Raimundo Lopes foi catedrático do Museu Nacional, precursor nos estudos e pesquisas de campo da arqueologia maranhense com trabalhos sobre os sambaquis e os achados das habitações lacustres pré-históricas da baixada maranhense, as chamadas “esteiarias,” ramo da arqueologia inaugurado por ele.

Raimundo Lopes faz, em sua obra, uma análise das origens dos grupos indígenas, dos negros e dos brancos que povoaram o Maranhão. Entre seus trabalhos destacam-se “Os Fortes Coloniais de São Luís”, “As Regiões Brasileiras”, “Entre a Amazônia e o Sertão”, “O Homem em Face da Natureza”, “Ensaio Etnológico sobre o Povo Brasileiro”, “Pesquisa Etnológica sobre a Pesca Brasileira no Maranhão”, entre outros. O maranhense publicou ainda o romance “Peito de Moça”. Seu último livro foi “Antropogeografia”.

Natural do município de Viana, no Maranhão, nasceu em 28 de setembro de 1894. Aos seis anos de idade, mudou-se com a família para São Luís. Na capital, foi matriculado na Escola Modelo Benedito Leite, onde estudou até 1903. Seu pai, que havia sido eleito governador do Maranhão dois anos depois de transferir-se de Viana, resolveu mudar-se para o Rio de Janeiro, renunciando ao cargo.

De volta ao Maranhão, já adolescente, fundou com os colegas do Liceu uma publicação onde mostrava o brilhante despertar de sua mente privilegiada. Também assinaria colunas em jornais conceituados como “O Diário do Maranhão” e a “Pacotilha”.

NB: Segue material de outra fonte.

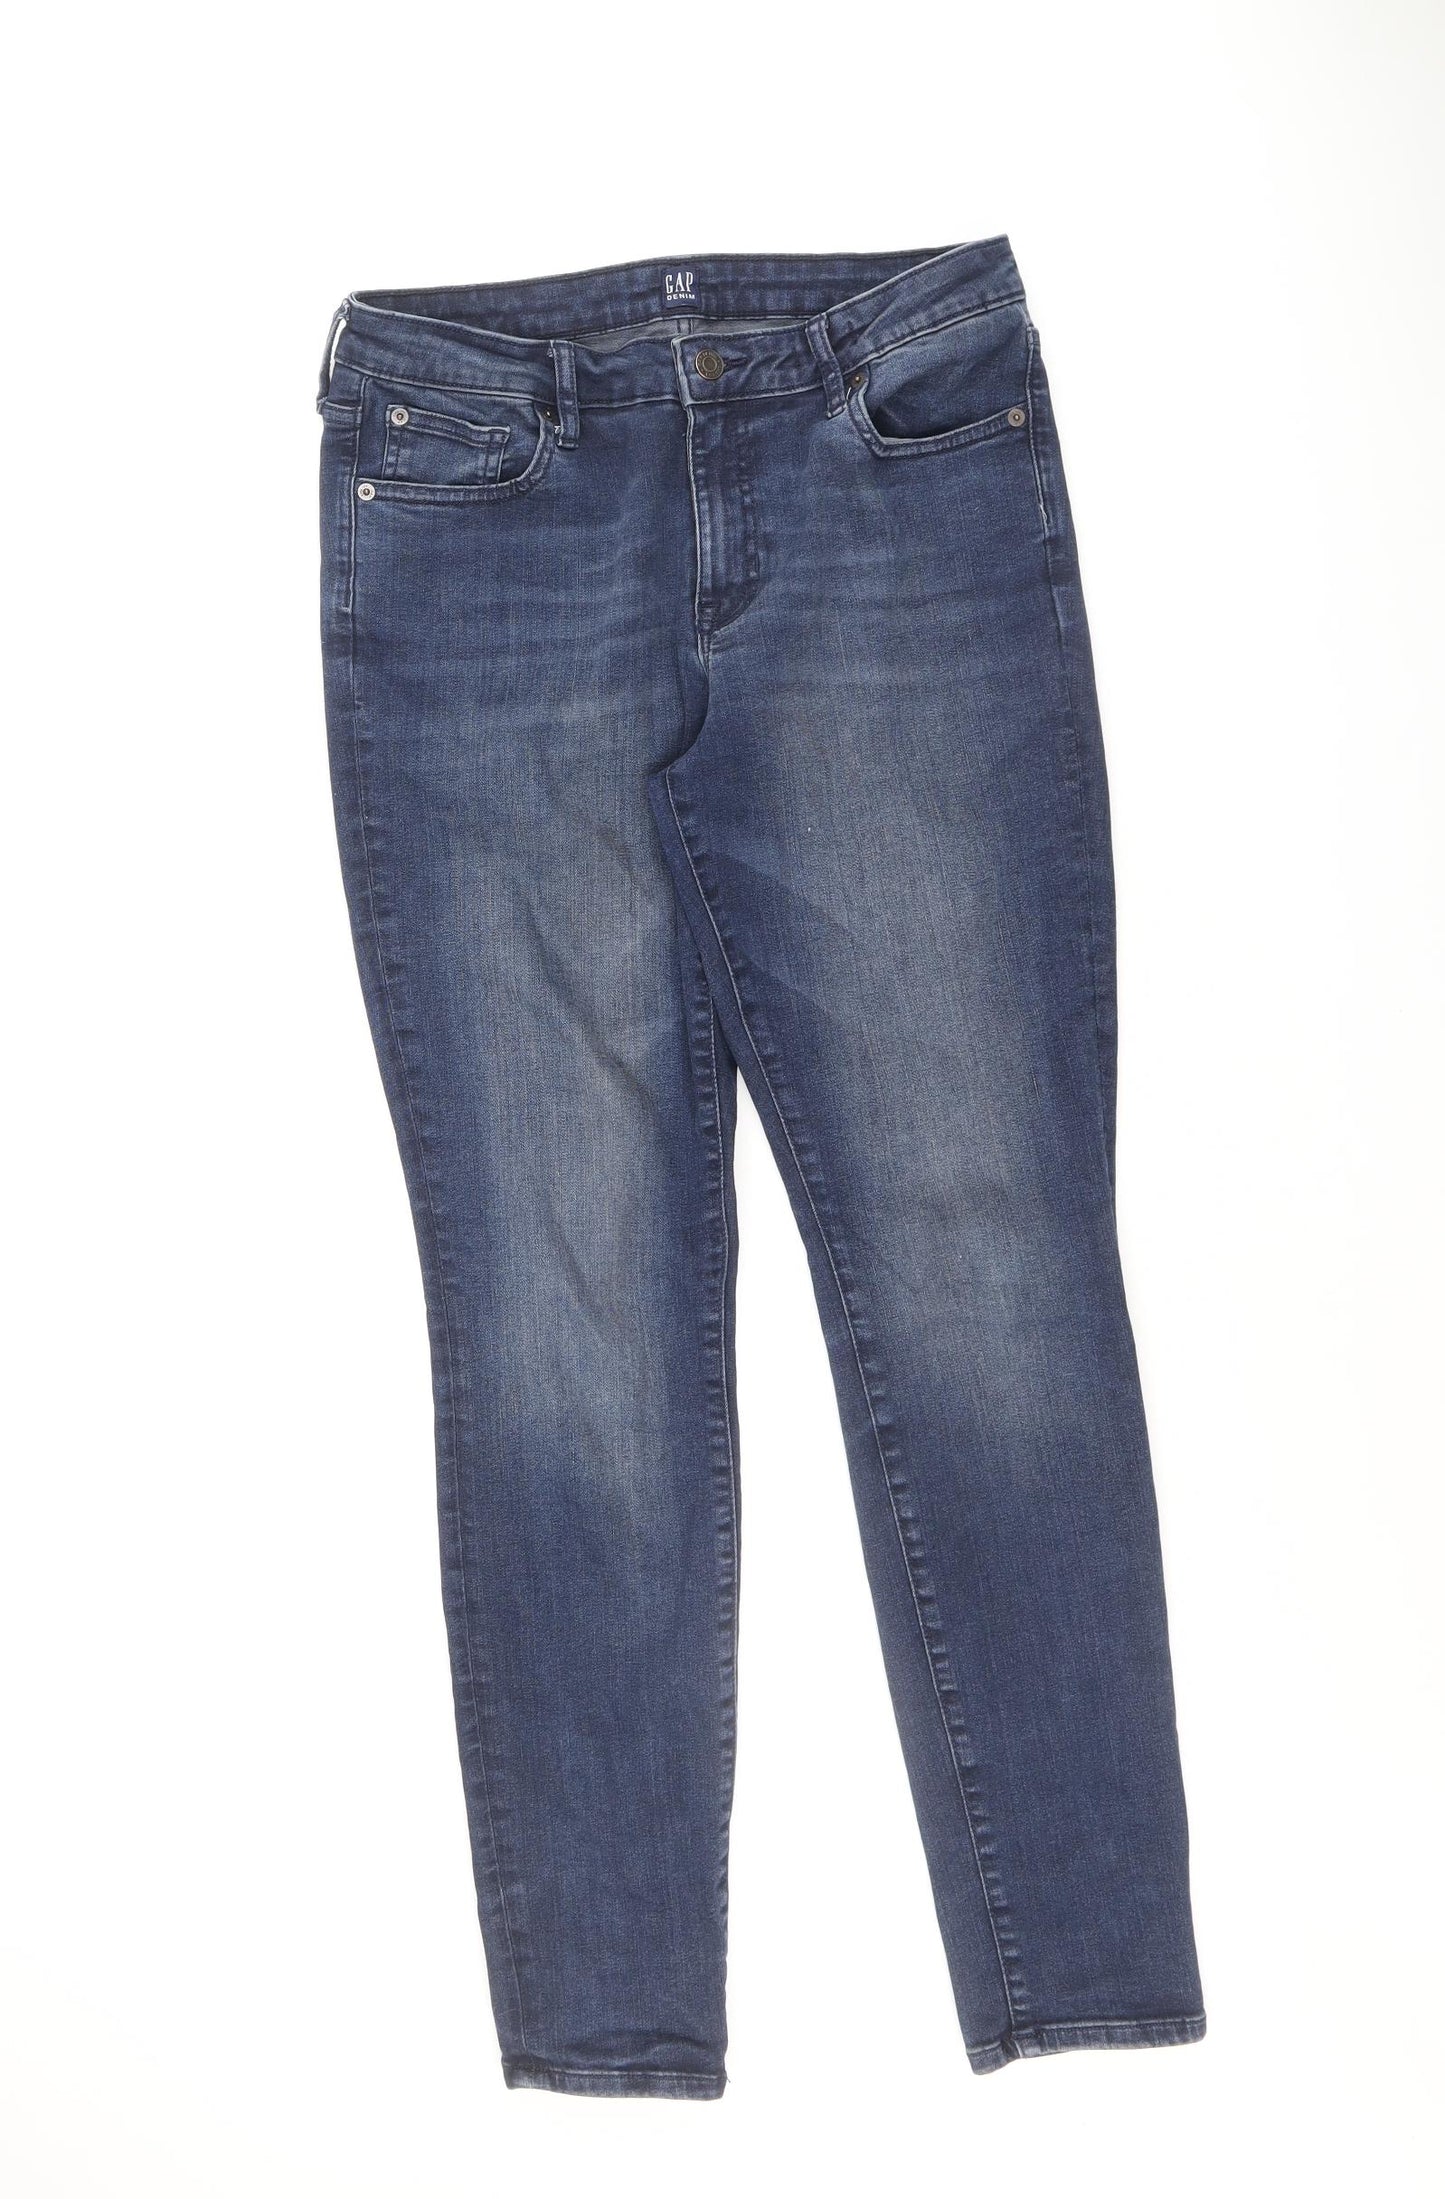 Gap Womens Blue Herringbone Cotton Skinny Jeans Size 30 in L29 in Regular Zip

O livro “O Torrão Maranhense” foi publicado em 1916, quando o escritor retornou ao Rio de Janeiro. A obra causou de imediato grande surpresa entre o meio científico da época. Levado pela boa aceitação de seu primeiro livro publica, em capítulos, “Uma Região Tropical”, considerado um aprimoramento das ideias e análises apresentadas no seu livro de estreia.

Raimundo Lopes era bacharel em Letras e fez até o quarto ano de Direito, mas dedicou-se à pesquisa, de modo geral à etnografia, à etnologia, à arqueologia, à história e à sociologia. Foi membro da Academia Maranhense de Letras, do Instituto Histórico e Geográfico do Maranhão – do qual foi fundador da cadeira de número 1 patroneada pelo Frei Capuchinho do século XVII, Yves D’Evreux e é patrono da cadeira de número 27 desta sociedade. Ano passado, o IHGM para comemorar e divulgar o centenário de “O Torrão Maranhense,” organizou uma exposição com 10 painéis sobre o autor e seu primeiro livro. Integrou ainda a Sociedade de Geografia do Rio de Janeiro.

Com o irmão, Antônio Lopes, Raimundo Lopes criou o primeiro decreto de proteção dos casarões de São Luís, proibindo sua demolição. Trata-se do Decreto n°476 de 1º de julho de 1943. Criaram também a Comissão Municipal de Patrimônio Histórico, primeiro órgão de preservação ligado ao poder público.

Sob a orientação de Raimundo Lopes, o Instituto de Patrimônio Artístico Nacional (Iphan) fez o primeiro tombamento nacional no Maranhão. Trata-se do sítio arqueológico sambaqui do Pindaí. Raimundo Lopes faleceu no Rio de Janeiro, no dia 8 de setembro de 1941, dias antes de completar 47 anos.